W milczeniu pokiwałam głową, siląc się na równie pogodny uśmiech co ona, lecz tylko się skrzywiłam.
Po około trzydziestu minutach opuściłam szpital, a zabandażowana dłoń pulsowała znacząco, nie pozwalając o sobie zapomnieć. Oparłam głowę o zagłówek i zamknęłam oczy, mając nadzieję na odrobinę snu, nim przyjedziemy do domu.
- Faith, stwierdziłam, że nie będę pytać, dopóki sama mi nie powiesz – usłyszałam głos mamy.
- Ale jesteś zbyt ciekawa – mruknęłam, odwracając się w jej stronę.
Twarz Danielle przez chwilę się naburmuszyła, lecz już po chwili jej rysy rozluźniły się i pokiwała głową na potwierdzenie moich słów.
- Biłam się – rzuciłam, spoglądając na nią spod przymrużonych powiek.
- Ty co?! - krzyknęła, rzucając szybkie spojrzenie w moją stronę.
- No, biłam się – ponowiłam spokojnie. - Z chłopakiem – dodałam.
Oczy Danielle o mało nie wyszły z orbit. Miałam ochotę wybuchnąć śmiechem, lecz najzwyczajniej w świecie nie miałam na to siły. Ponownie na mnie spojrzała, najwyraźniej oczekując dalszych wyjaśnień. Jęknęłam niezadowolona.
- To dupek – mruknęłam. - Jest jak wrzód na tyłku i mam wrażenie, że za każdym razem stara się wyprowadzić mnie z równowagi i dziś też tak było – zaczęłam. - Podszedł do mnie i nazwał Channell dziwką, więc musiałam jakoś zareagować i mu przywaliłam – wyjaśniłam krótko, pomijając fakt, że zniszczyliśmy szkolną gablotę oraz fakt, że muszę sprzątać szkołę przez dwa miesiące.
Danielle pokiwała głową, jakby powoli analizując moje słowa.
- Mam nadzieję, że jego twarz wygląda gorzej, niż twoja ręka – uraczyła mnie krótkim spojrzeniem.
Na jej twarzy pojawił się szeroki uśmiech, a po chwili nasz śmiech rozniósł się na cały samochód.
- Wiesz, Dave nauczył mnie paru rzeczy, więc na pewno – wyszczerzyłam do niej zęby w dumnym uśmiechu.

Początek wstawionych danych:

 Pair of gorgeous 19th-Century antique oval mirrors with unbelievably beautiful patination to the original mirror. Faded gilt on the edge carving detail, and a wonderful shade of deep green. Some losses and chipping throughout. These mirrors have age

Perlisty śmiech mojej mamy ponownie rozniósł się po aucie. Rany, jaka ona jest śliczna.

***

Odetchnęłam głęboko, lekko wykrzywiając usta w grymasie, gdy poczułam ból w moim nadgarstku, już chyba setny raz w ciągu dnia. Wciąż potrzebowałam, aby skorzystać z mojej prawej ręki, co sprawiało, że miałam wrażenie, jakby tysiące rozżarzonych igieł wbijało się w moją kończynę. Odetchnęłam głęboko rozkoszując się ciepłym, świeżym powietrzem. Wiatr zaszeleścił gałęziami drzew i sprawił, że moje włosy automatycznie uniosły się w powietrze, opadając na plecy. Moje nogi zwisały luźno z murku, na którym siedziałam. Pomachałam nimi jak małe dziecko i cicho zachichotałam pod nosem. Wybudowanie dziedzińca było najlepszą rzeczą o jakiej mogła pomyśleć dyrektorka szkoły. Przeczesałam palcami włosy, gdy nagle dostrzegłam zbliżającą się do mnie sylwetkę mężczyzny. Od razu rzuciła mi się w oczy jego poturbowana twarz. Nie mogłam ukryć śmiechu.

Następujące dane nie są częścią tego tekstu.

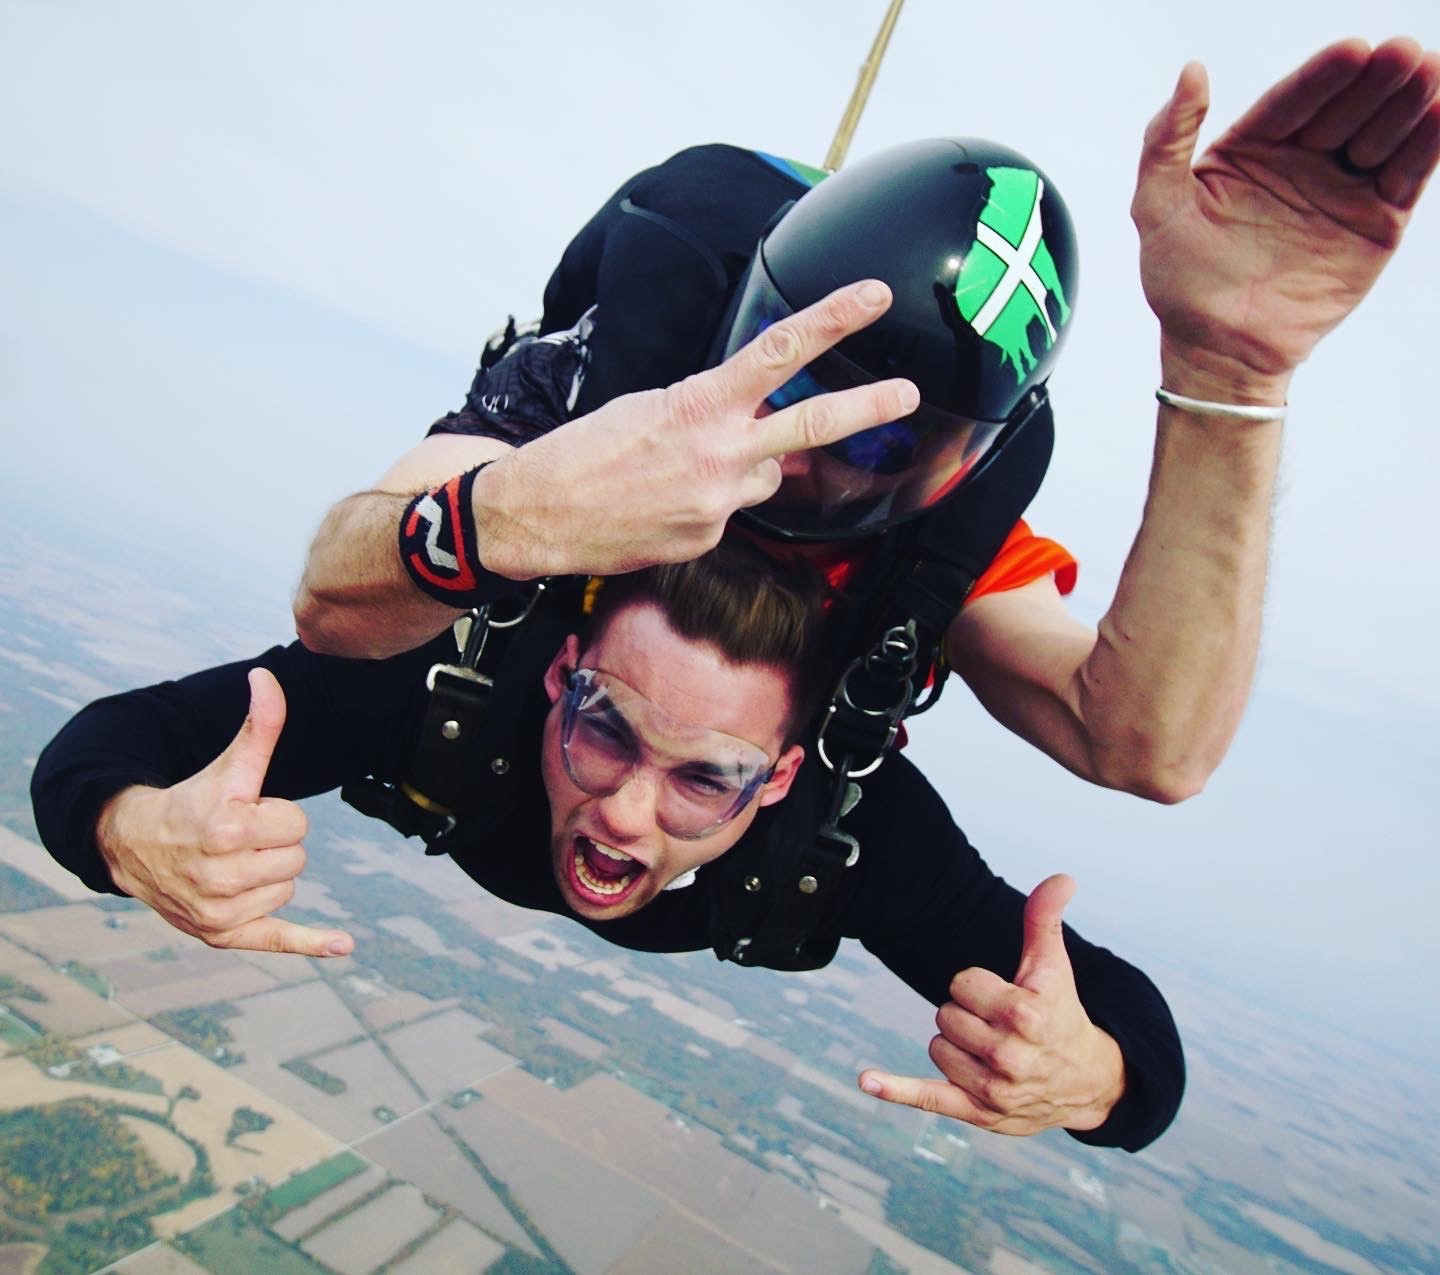 Photo of Michael skydiving. Michael plans to get his license after doing 10 skydiving jumps so he can jump on his own.

- Bawi cię to, Peers? - warknął Justin.
Nasze głowy znajdowały się teraz niemal na tej samej wysokości.
- To raczej dość logiczne, skoro się śmieję. Nie udawaj, że jesteś tak mało inteligentny – odparłam, wciąż chichocząc.

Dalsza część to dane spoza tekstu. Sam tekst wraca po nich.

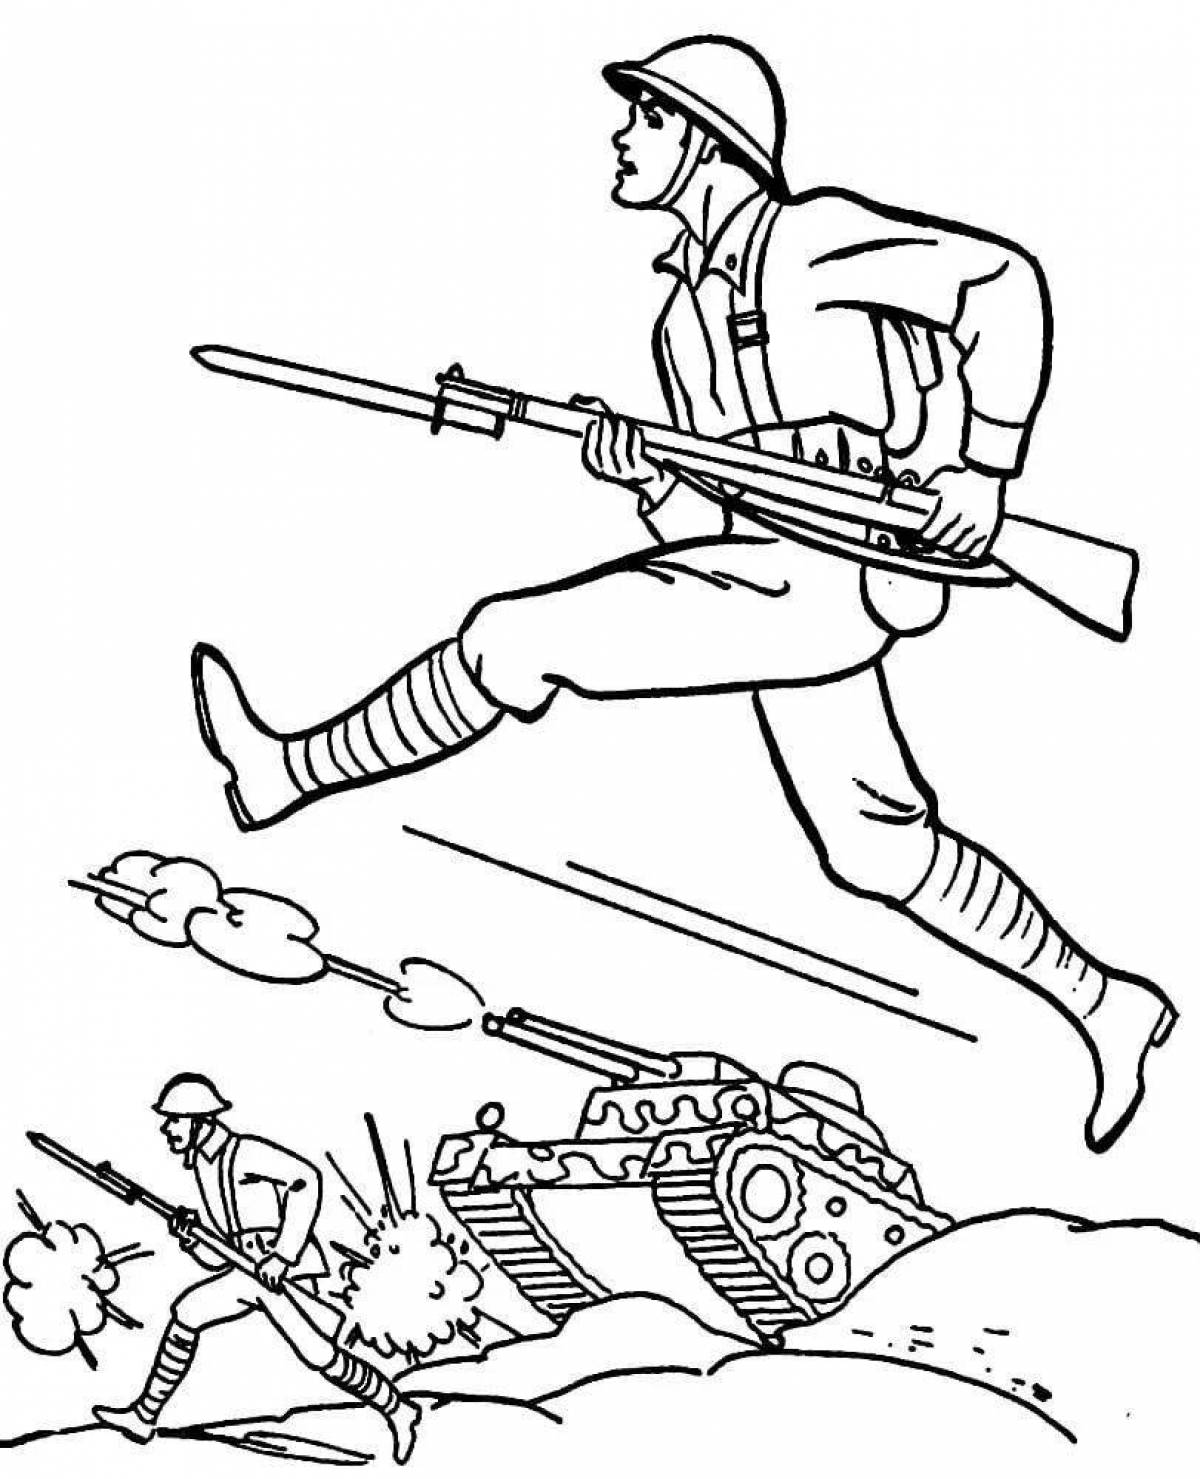 Charming soldier and tank coloring page

Mięśnie twarzy chłopaka natychmiast się napięły, a szczęka momentalnie zacisnęła i byłam wręcz pewna, że zgrzytał zębami, lecz już w następnej chwili wyraz jego twarz złagodniał, gdy tylko ujrzał moją ręką.
- Dobrze ci tak – mruknął. - To za moją boską twarz.
Omal się nie oplułam. Justin najwyraźniej liczył na inną reakcję, ponieważ wpatrywał się we mnie zupełnie zbity z tropu. Byłam w zadziwiająco dobrym nastroju, szczególnie po zobaczeniu szkód, jakie wyrządziła moja dłoń na jego „boskiej twarzy” i byłam pewna, że nie wyprowadzi mnie tak łatwo z równowagi. Bieber wciąż lustrował moją uśmiechniętą twarz, a po chwili prychnął z pogardą. Jego zachowanie przywodziło mi na myśl małe dziecko, które, nie dostając tego, czego oczekiwało, obraża się na cały świat. Brunet oparł się o murek i wyciągnął z wewnętrznej kieszeni swojej skórzanej kurki torebeczkę z białym proszkiem. Moje oczy otworzyły się szeroko i głośno przełknęłam ślinę, odsuwając się od chłopaka, na co ten zareagował śmiechem.
- To nie gryzie – odparł wyraźnie rozbawiony moją reakcją.
Wywróciłam oczami.
- Tu są kamery, debilu.
Justin ponownie się zaśmiał i pokręcił głową z dezaprobatą.
- Tego miejsca kamery nie obejmują – rzucił krótko i wciągnął pierwszą kreskę.
- Ćpun – mruknęłam, zeskakując z murku.
- Chcesz? - uśmiechnął się od ucha do ucha, a na jego policzkach ukazały się malutkie dołeczki.
Pomimo mojego stosunku do niego, muszę przyznać, że wyglądał dość uroczo.
- Wal się. Nigdy nie tknę tego gówna.
Justin tylko wzruszył ramionami, by po chwili wciągnąć drugą kreskę. Nagle coś zaświtało mi w głowie.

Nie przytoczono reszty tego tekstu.